Skeletal muscle is a highly regenerative tissue, but muscle repair potential is increasingly compromised with advancing age. In this study, we demonstrate that increased NF-κB activity in aged muscle fibers contributes to diminished myogenic potential of their associated satellite cells. We further examine the impact of genetic modulation of NF-κB signaling in muscle satellite cells or myofibers on recovery after damage. These studies reveal that NF-κB activity in differentiated myofibers is sufficient to drive dysfunction of muscle regenerative cells via cell-non-autonomous mechanisms. Inhibition of NF-κB, or its downstream target Phospholipase A2, in myofibers rescued muscle regenerative potential in aged muscle. Moreover, systemic administration of sodium salicylate, an FDA-approved NF-κB inhibitor, decreased inflammatory gene expression and improved repair in aged muscle. Together, these studies identify a unique NF-κB regulated, non-cell autonomous mechanism by which stem cell function is linked to lipid signaling and homeostasis, and provide important new targets to stimulate muscle repair in aged individuals.

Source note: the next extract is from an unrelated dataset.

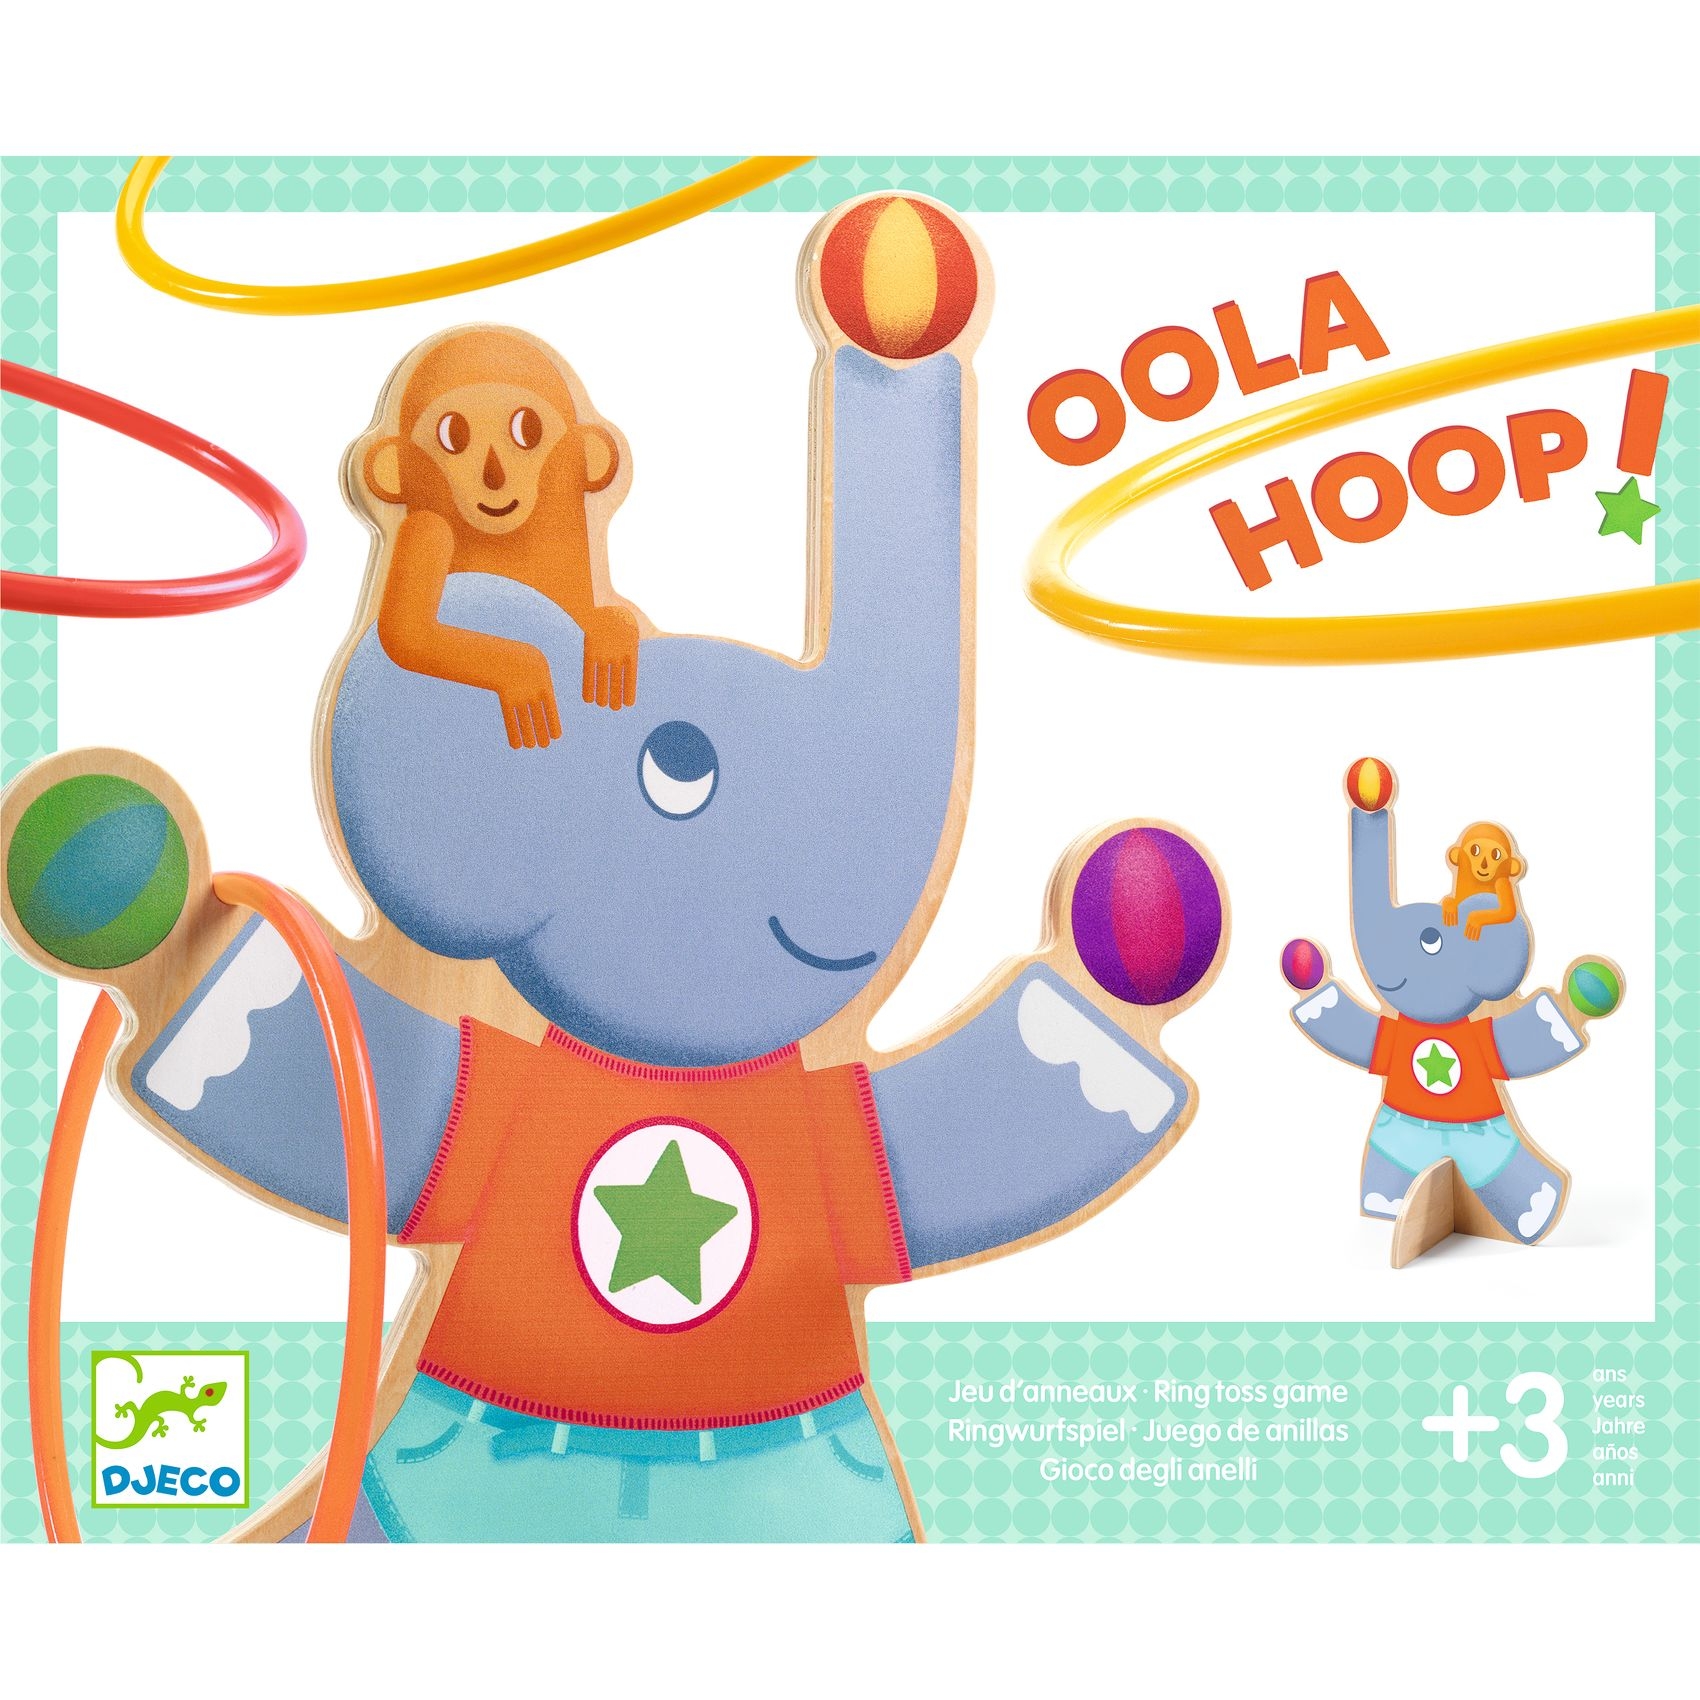 Célba dobó játék - Hullahopp - Oola Hoop - 1

机译:骨骼肌是一种高度再生的组织,但是随着年龄的增长,肌肉的修复潜力越来越受到损害。在这项研究中,我们证明了衰老的肌肉纤维中NF-κB活性的增加有助于降低其相关卫星细胞的成肌潜能。我们进一步检查了肌肉卫星细胞或肌纤维中的NF-κB信号传导基因调节对损伤后恢复的影响。这些研究表明,分化的肌纤维中的NF-κB活性足以通过细胞非自主机制驱动肌肉再生细胞功能障碍。抑制肌纤维中的NF-κB或其下游靶磷脂酶A2可挽救老年肌肉的肌肉再生潜能。此外,水杨酸钠(一种经FDA批准的NF-κB抑制剂)的全身给药可减少炎症基因的表达并改善老年肌肉的修复。总之,这些研究确定了一种独特的NF-κB调控的非细胞自主机制,干细胞功能通过这种机制与脂质信号传导和体内平衡相关联,并为刺激老年个体的肌肉修复提供了重要的新靶点。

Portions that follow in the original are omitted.